Sophisticated sensors, significantly improved data management and analysis, automated systems that take humans out of the loop and real-time monitoring are helping drillers to manage costs and gain efficiencies. ROP and efficiency are still important – yet, utilizing data more effectively to understand the drilling process and to extend bit and equipment life and reduce the number of trips downhole are also critical to increasing well value and maximizing assets.

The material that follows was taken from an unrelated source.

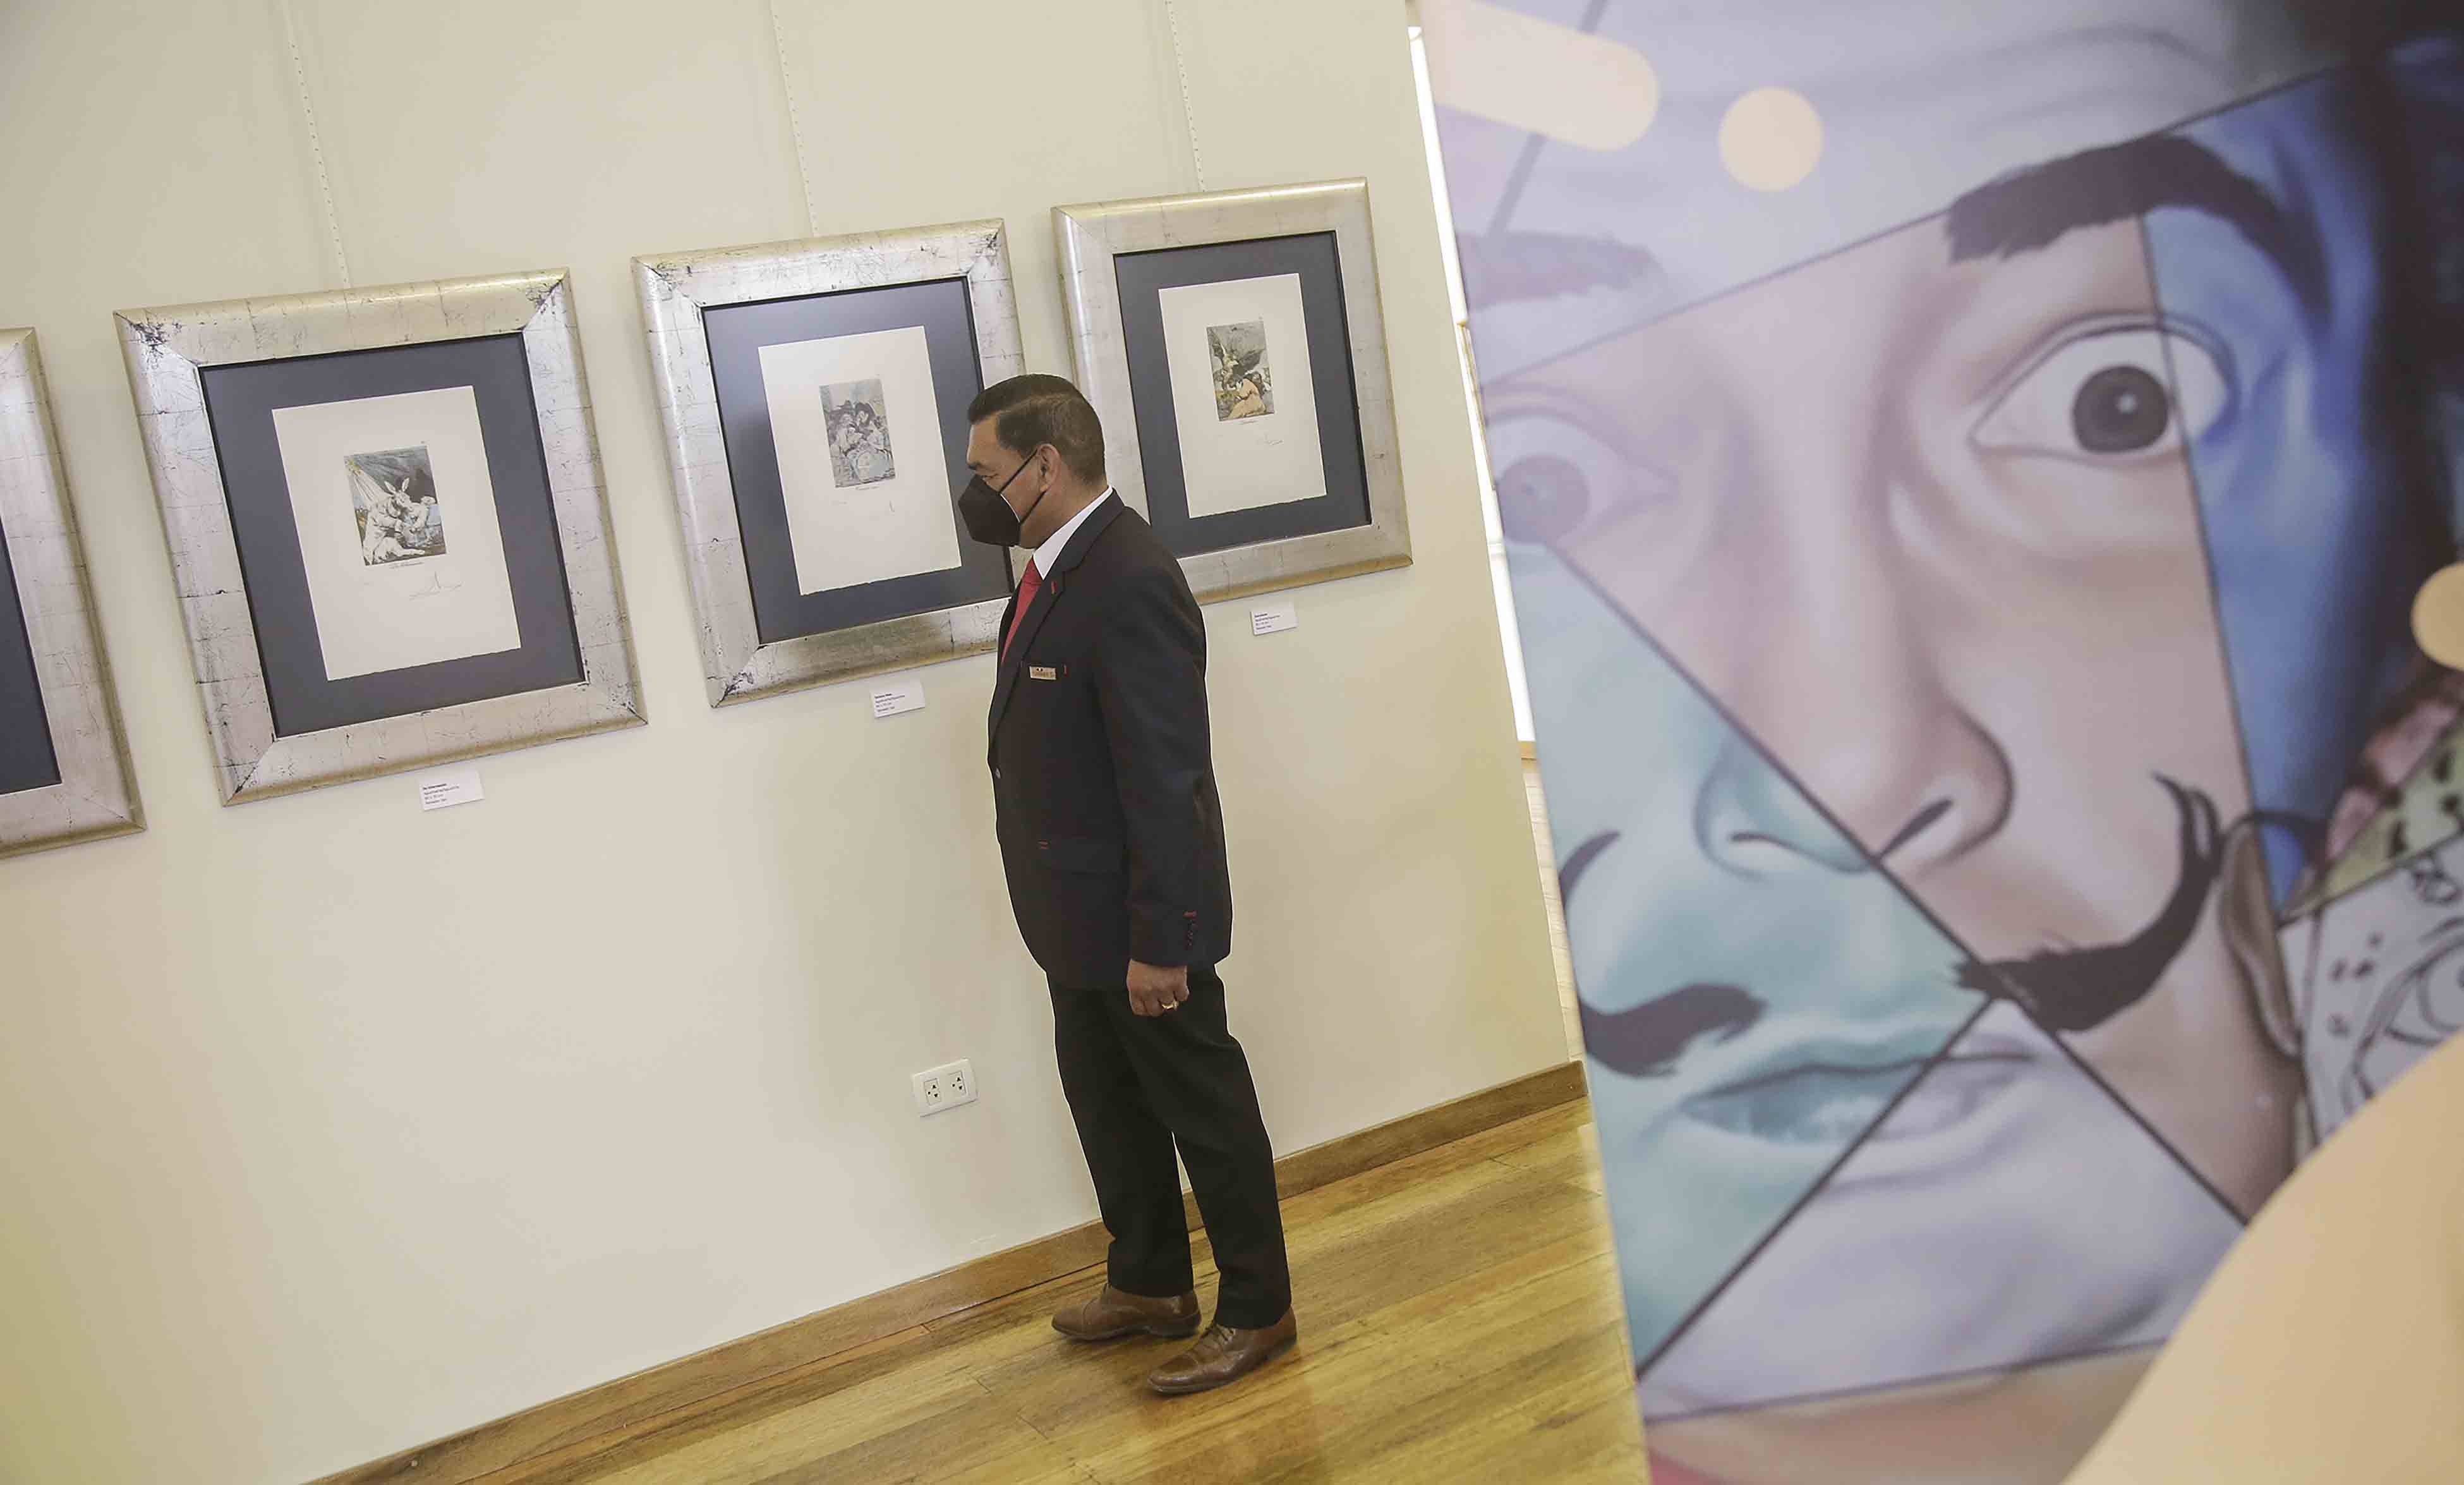 El genio del bigote. Herrera Palma en la exposición de la obra de Dalí sobre Goya que se inaugura este jueves. Foto: Rodrigo Talavera/ La República
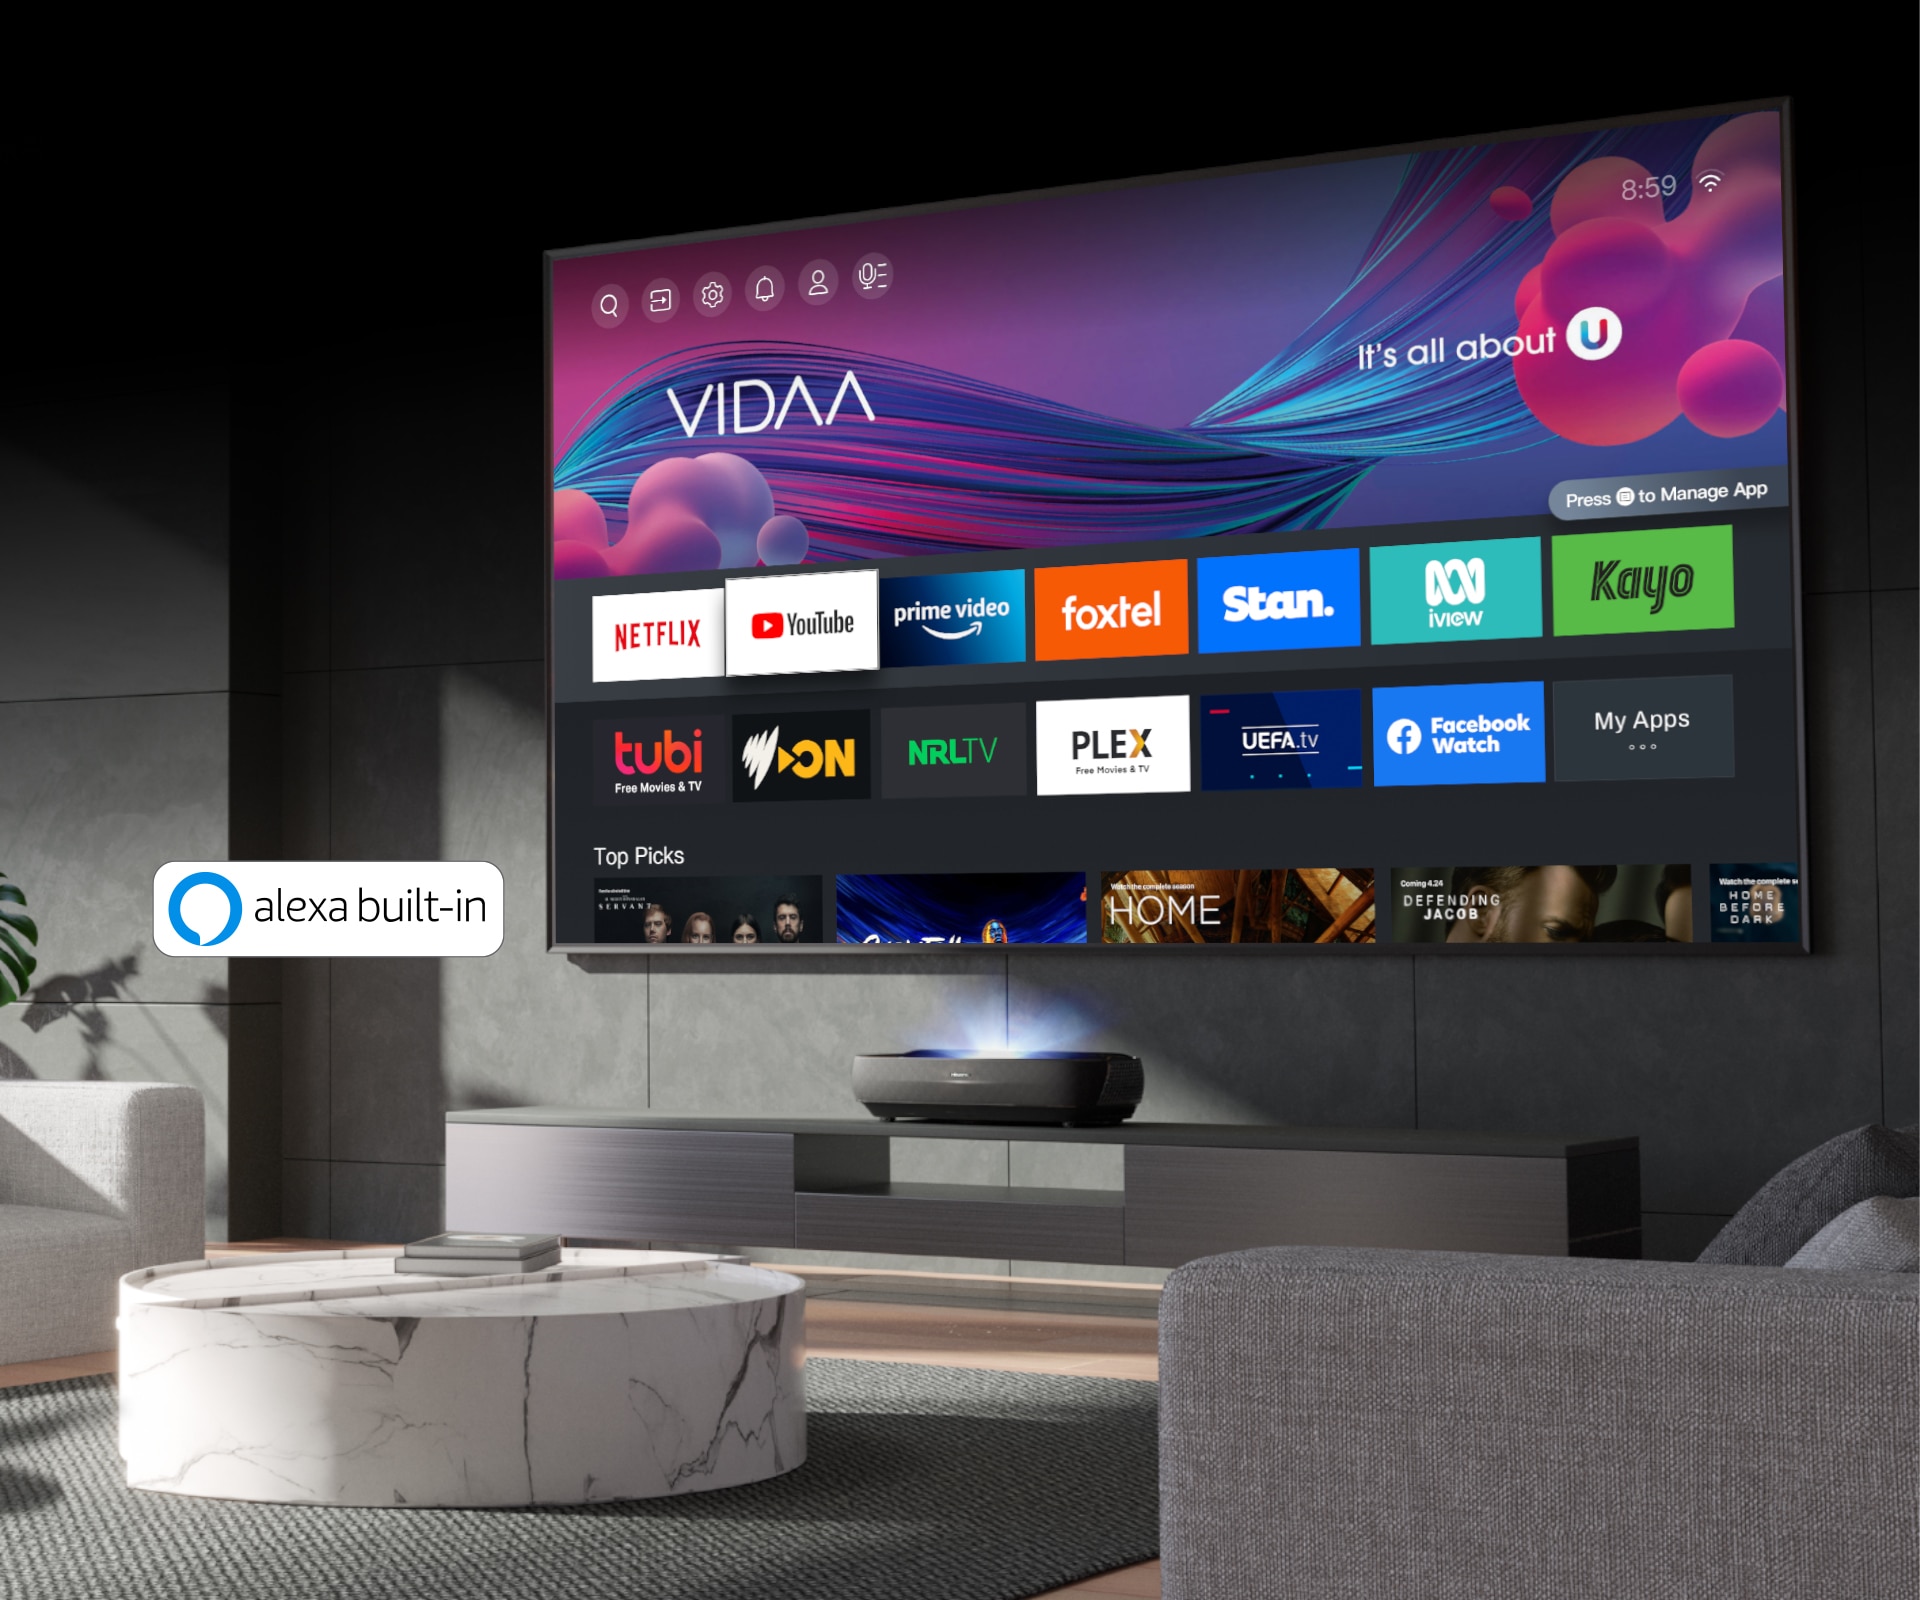 VIDAA Smart TV. Smart Home Ready

“With the downturn, operators are shifting from the mantra of ‘drill, baby, drill’ – maximizing ROP at the expense of other parameters – to a focus on drilling consistently to reduce time to reach total depth (TD), optimizing every stage and preventing tool damage,” said Liam Lines, Research Engineer for Weatherford Drilling Services and 2016-2017 SPE Distinguished Lecturer. He defines downhole drilling optimization in four key categories:
• High-quality sensors and measurements to improve drilling efficiency but also to prevent tool damage and mitigate downhole vibration and shock;
• Simulations and models that integrate torque-and-drag, shock and vibration and hydraulics to gain more meaning from downhole data and engineer out problems before they occur;
• Downhole tools, such as torque-limiting devices and shock subs, to prevent stick-slip and shock in conjunction with intelligent drilling systems, such as top drives and auto-drillers;
• Training crews to interpret large amounts of complex data and downhole situations and increased use of automated systems that take humans out of the loop or tell drillers what actions to take.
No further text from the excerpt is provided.